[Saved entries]
════════════════════
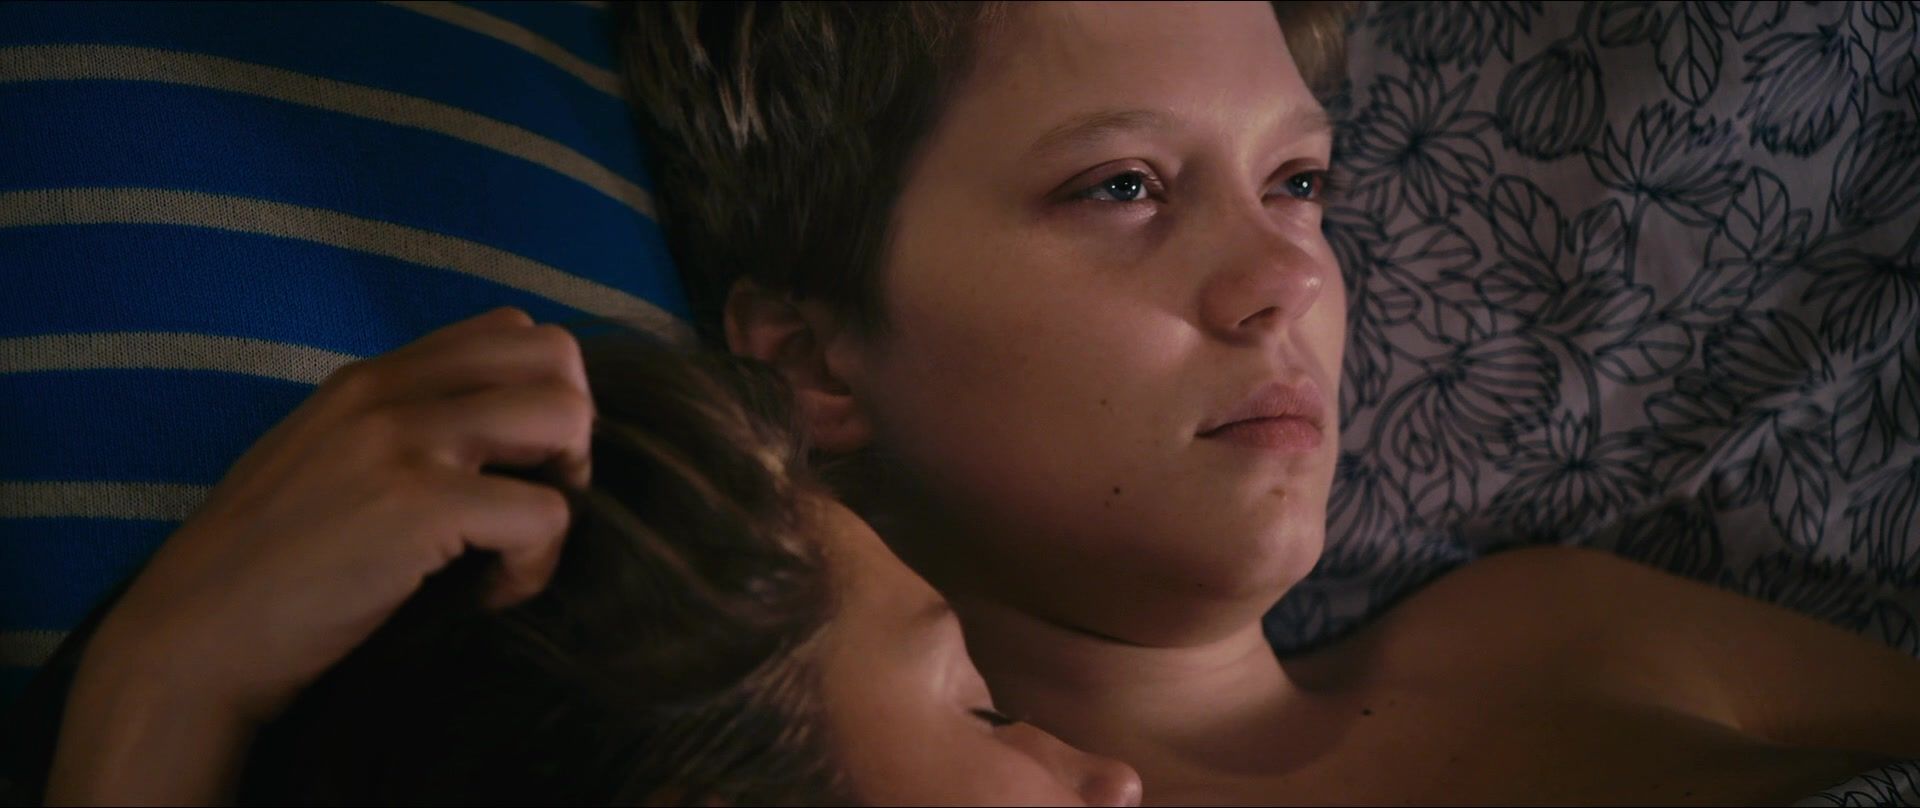 Thisav Best lesbian scene in movies | Adele Exarchopoulos nude & Léa Seydoux naked | The film "Blue Is The Warmest Color" (2013) JAVout
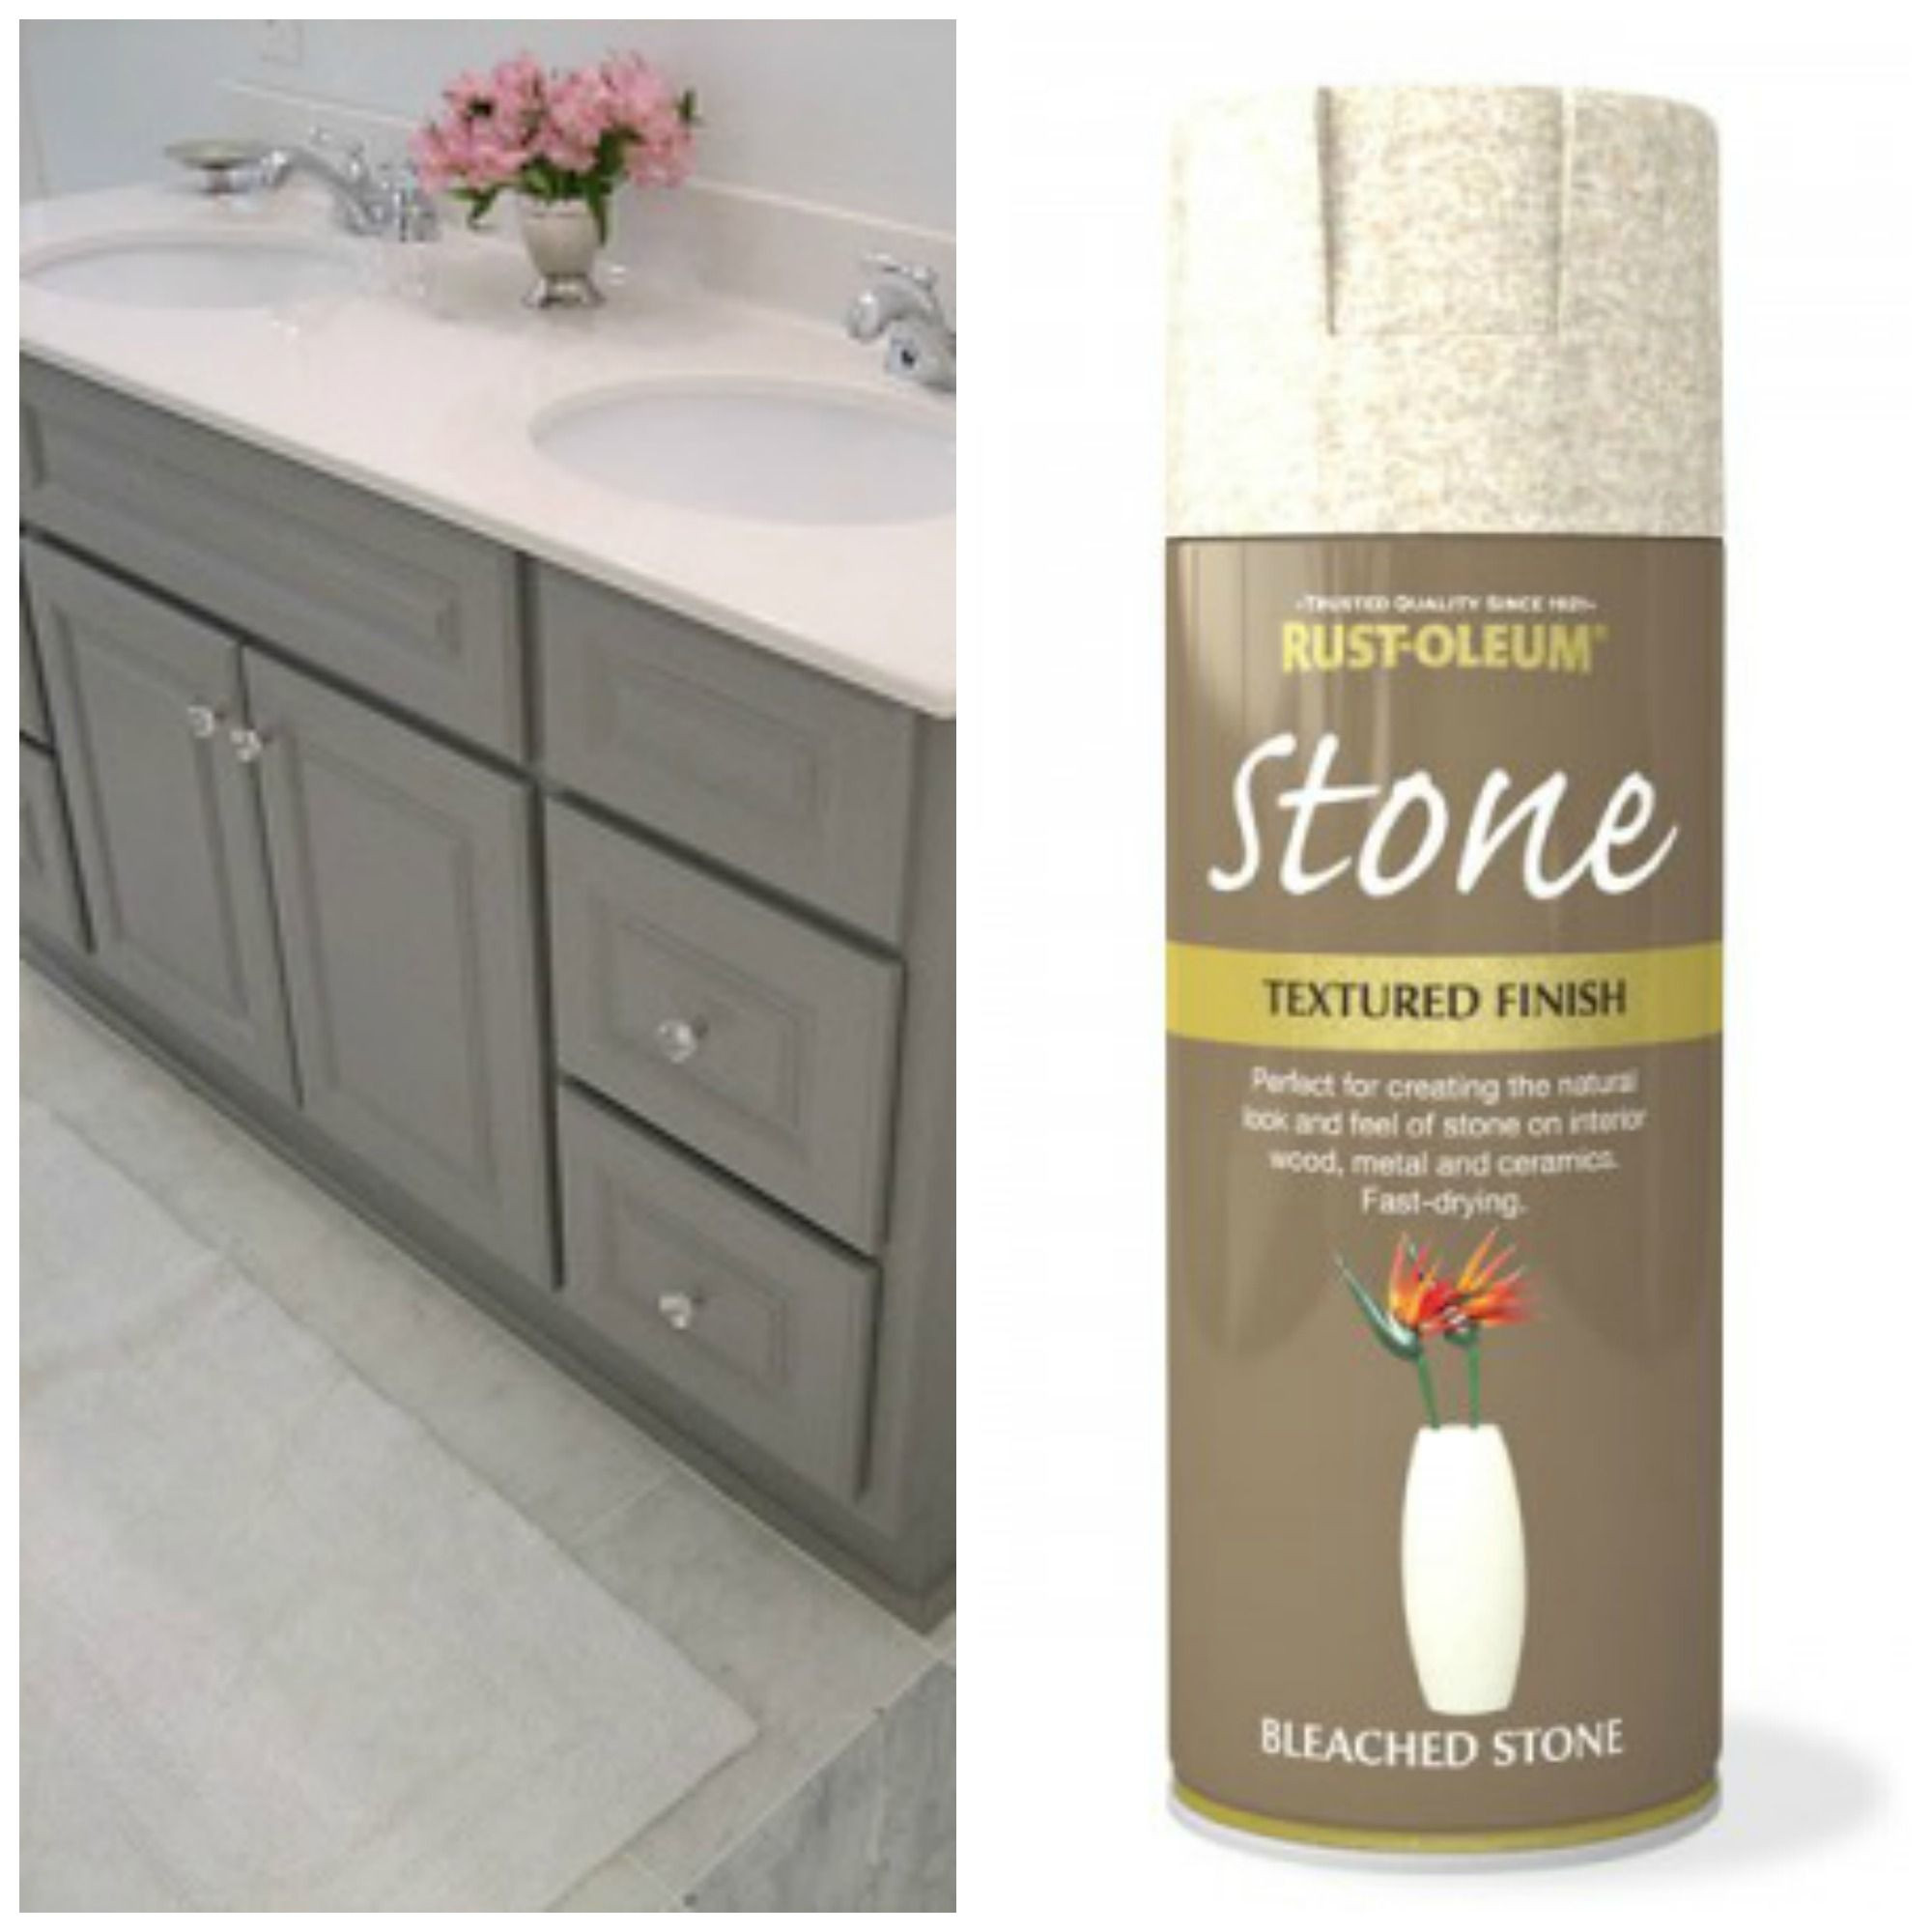 Spray Paint Bathroom Countertop
 Grey cabinet with stone colored spray paint for counter
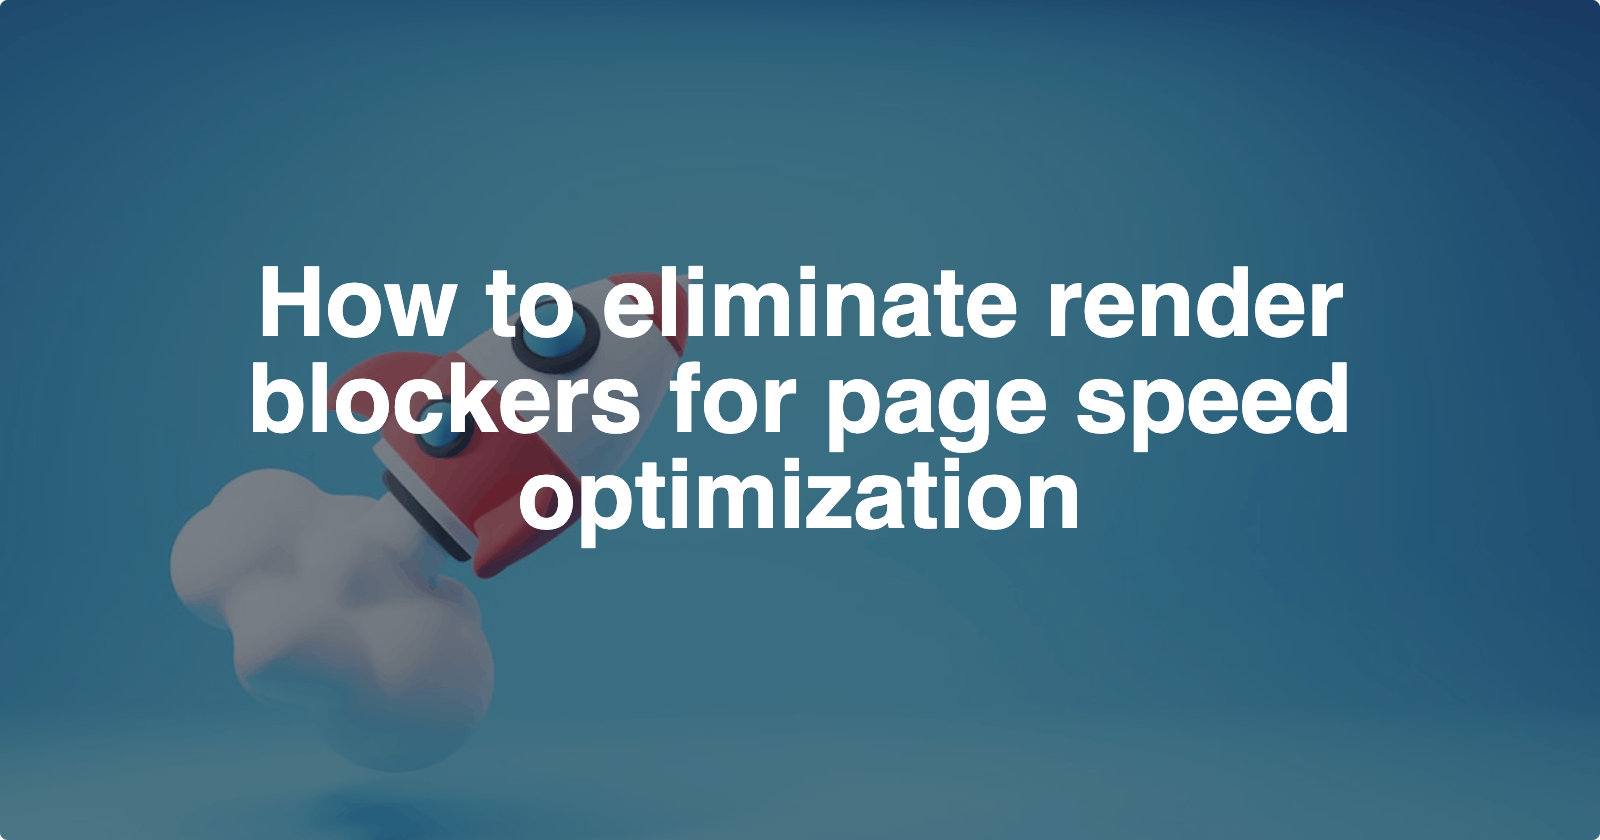 How to eliminate render blockers for page speed optimization
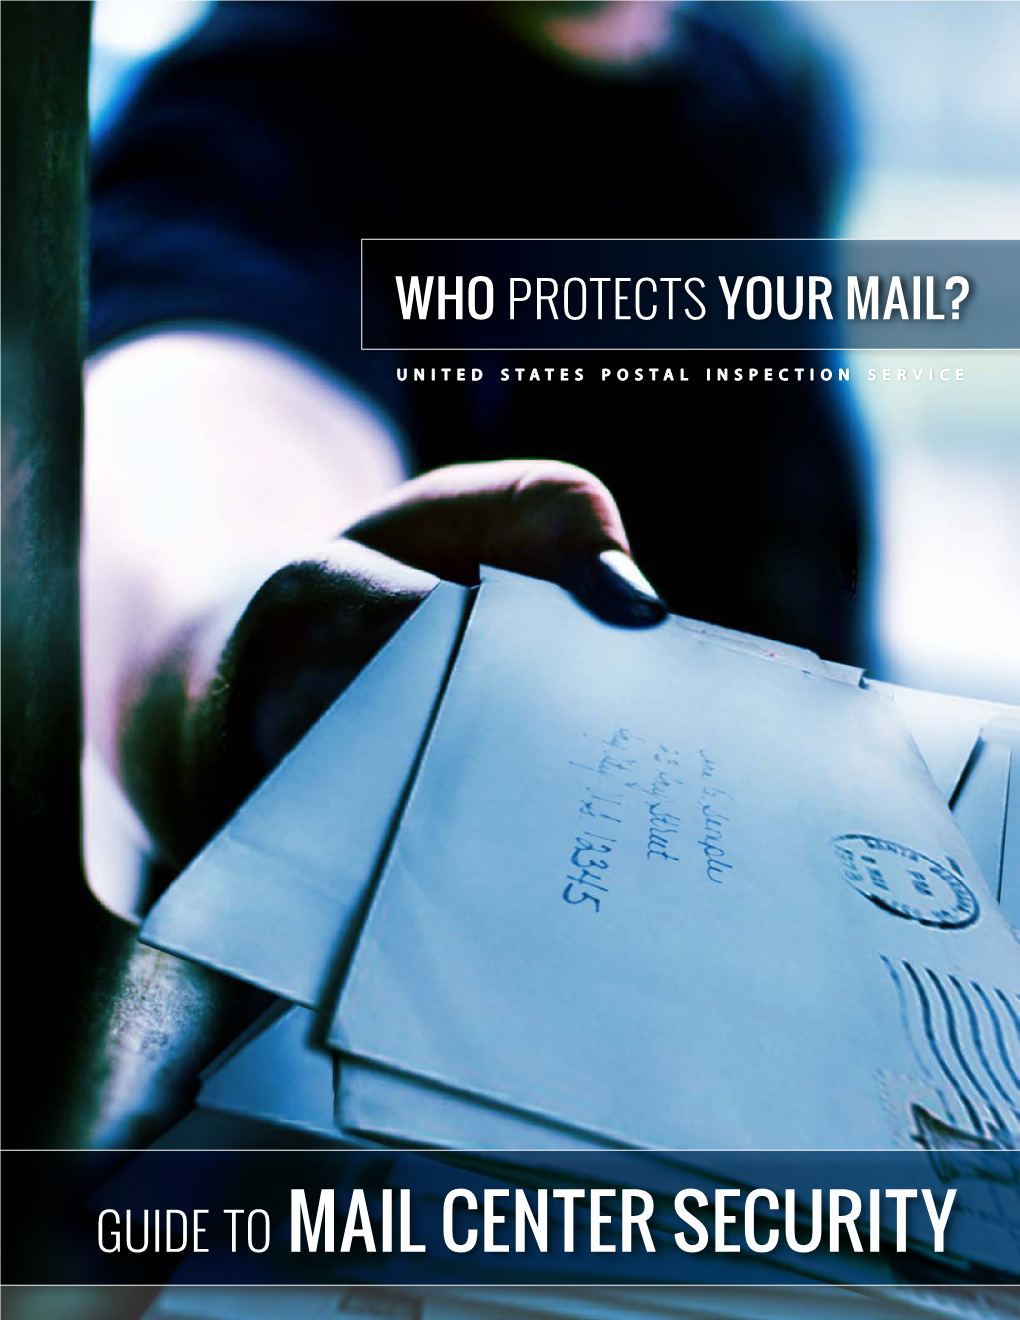 PUBLICATIONS ABOUT MAIL CENTER SECURITY These Publications from the U.S
════════════════════
*Activity:* Once the line containing "Spray Paint Bathroom Countertop" is found, it and every line through the end of the records above should be output exactly, with no pictures.

*Result of this exercise:*
 Spray Paint Bathroom Countertop
 Grey cabinet with stone colored spray paint for counter
 How to eliminate render blockers for page speed optimization
 PUBLICATIONS ABOUT MAIL CENTER SECURITY These Publications from the U.S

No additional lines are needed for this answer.